*** Data segment Section Begins ***

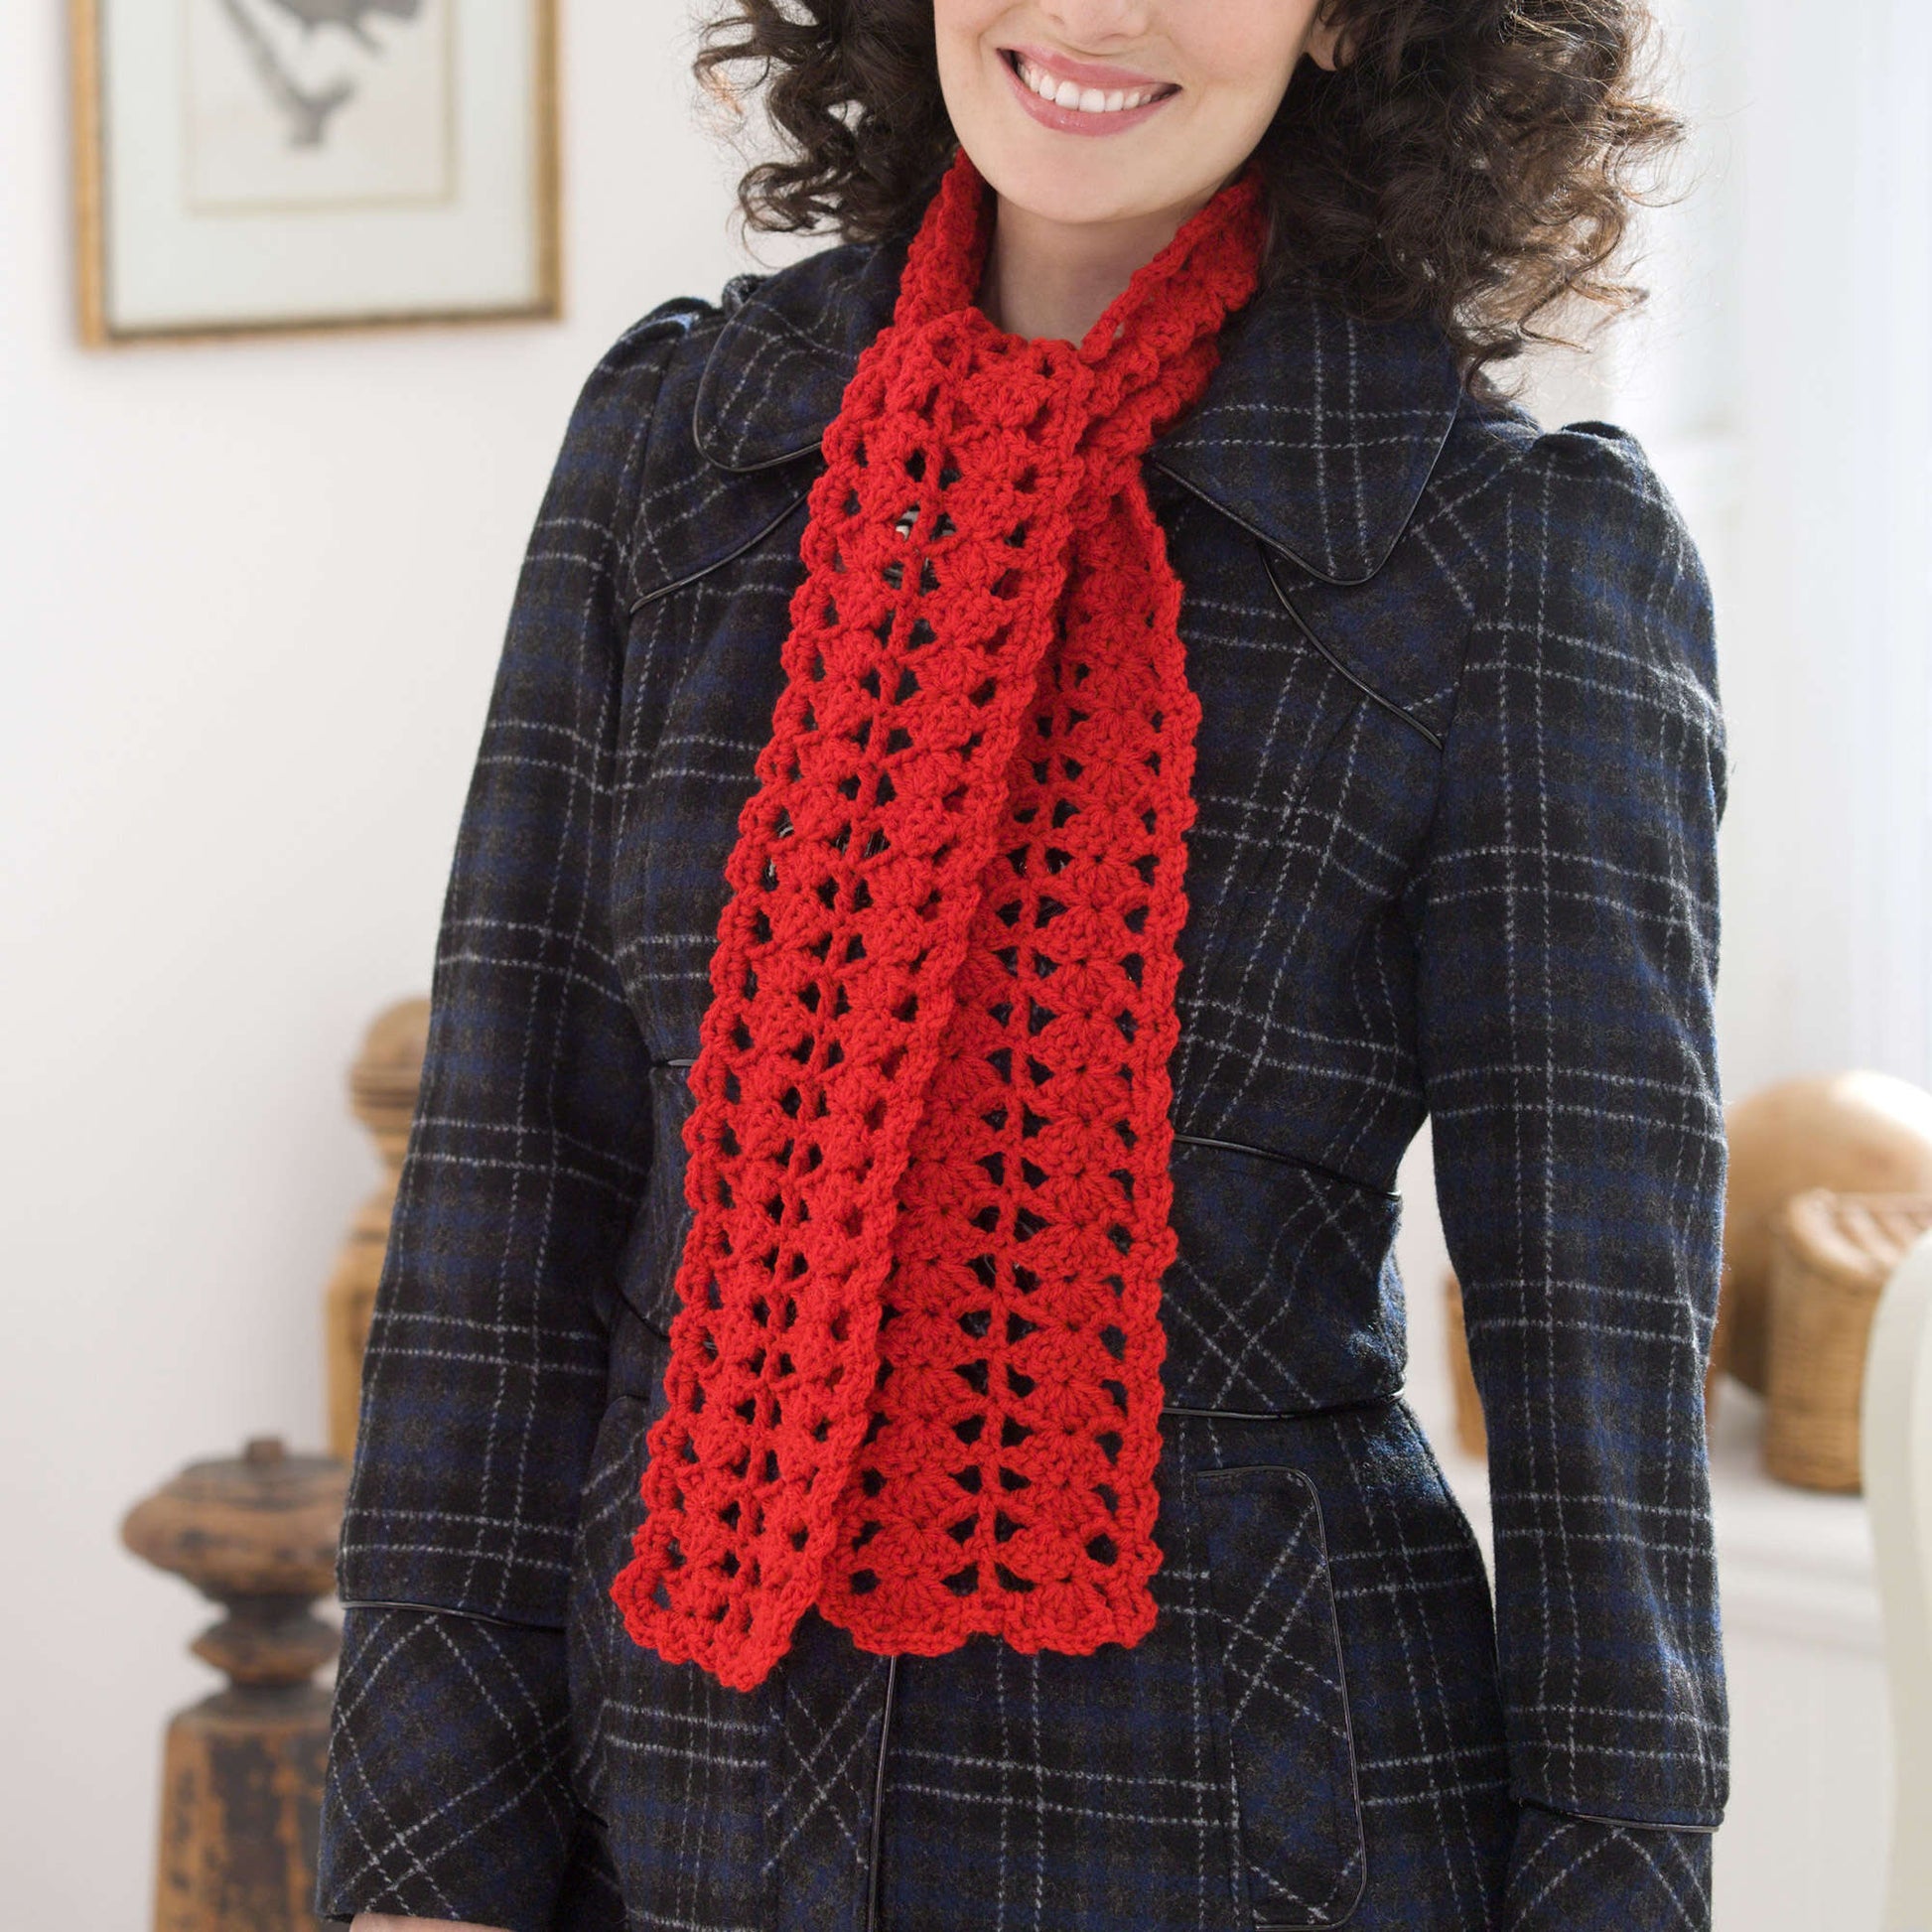 Red Heart Yarn Crochet Patterns - Easy Crochet Patterns
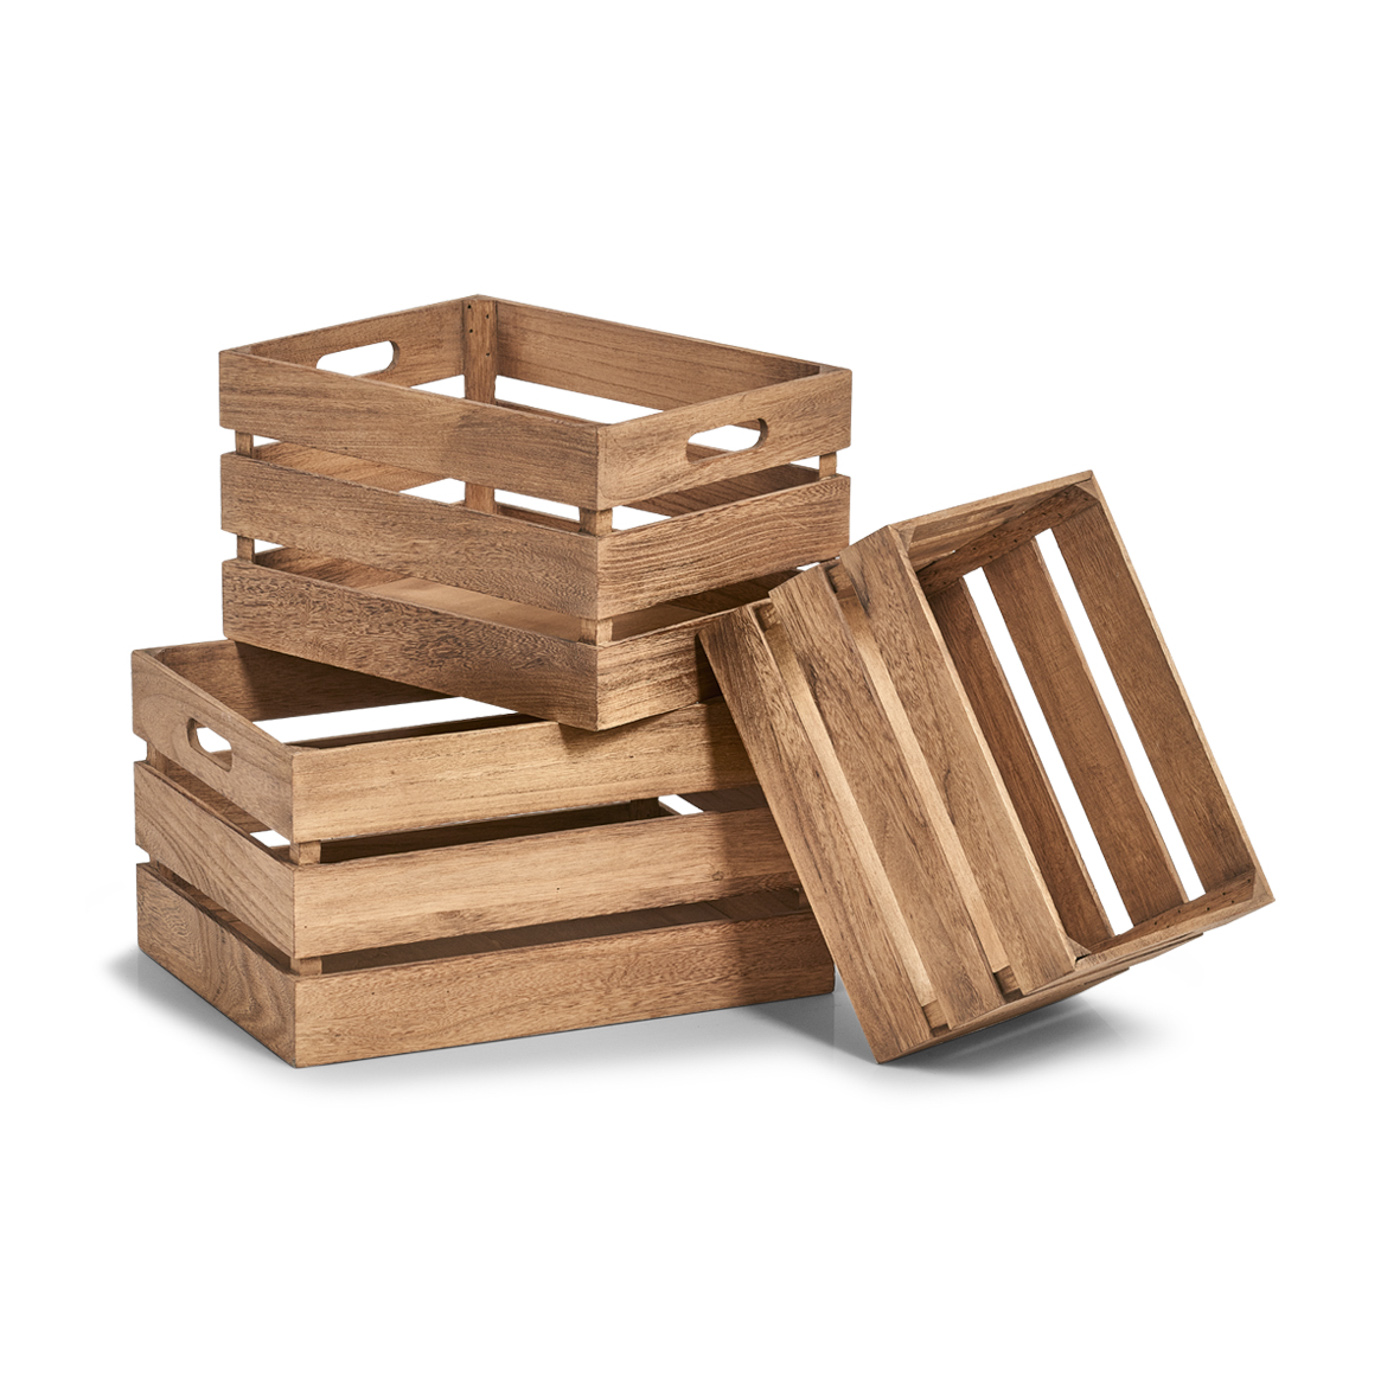 Aufbewahrungs-Kiste, Holz lackiert, 31x21x19 cm. Farbe: natur. Diese praktische Aufbewahrungskiste wurde aus hochwertigem Holz gefertigt und
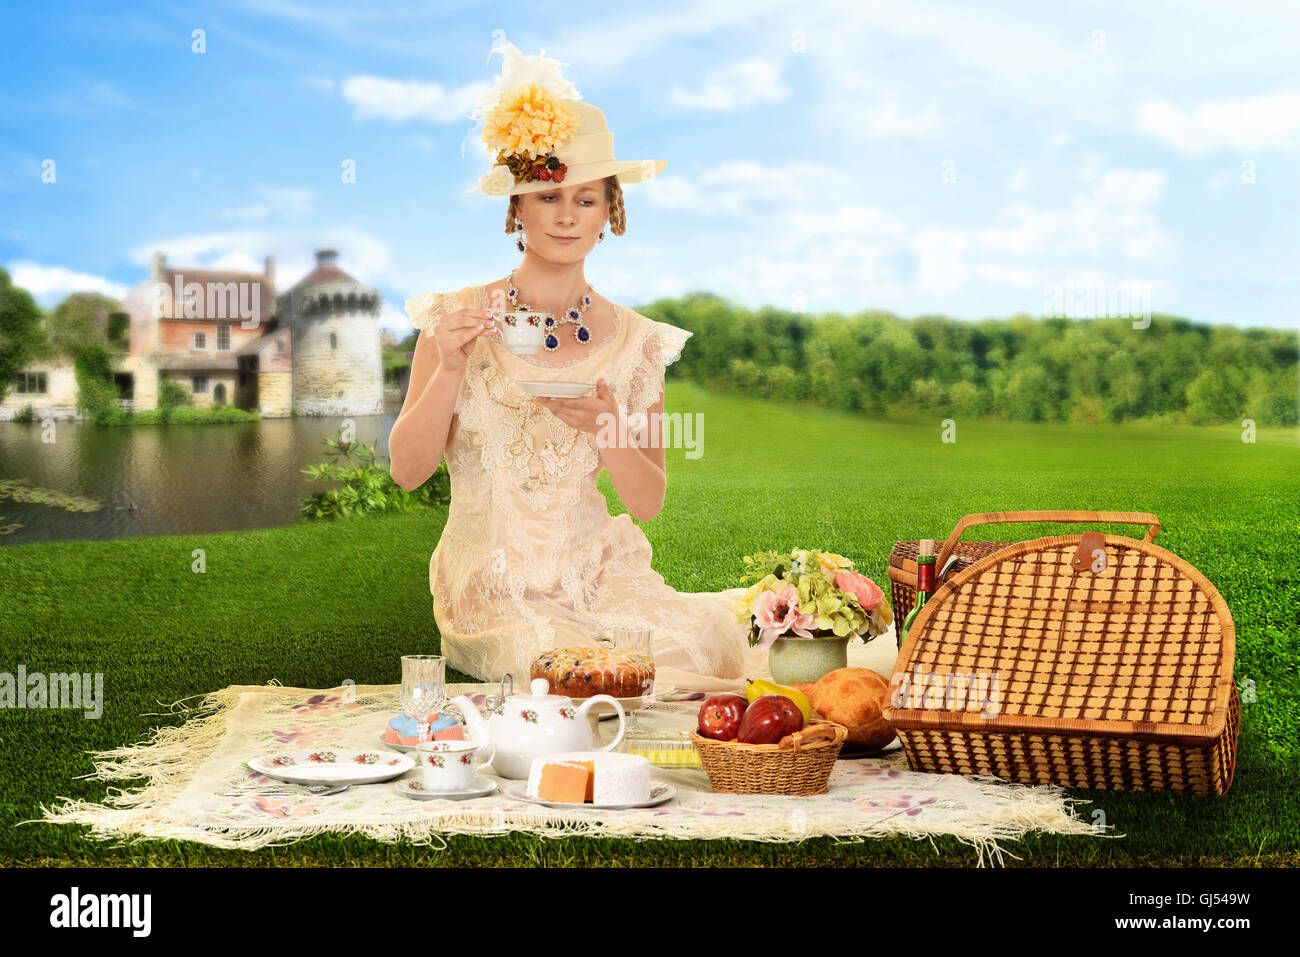 vintage woman picnic by lake Stock Photo

*** Data segment Section Ends ***

### Task instructions:
Please set the data above down exactly, with the pictures removed.

### Answer for this exercise:
 Red Heart Yarn Crochet Patterns - Easy Crochet Patterns
 Aufbewahrungs-Kiste, Holz lackiert, 31x21x19 cm. Farbe: natur. Diese praktische Aufbewahrungskiste wurde aus hochwertigem Holz gefertigt und
 vintage woman picnic by lake Stock Photo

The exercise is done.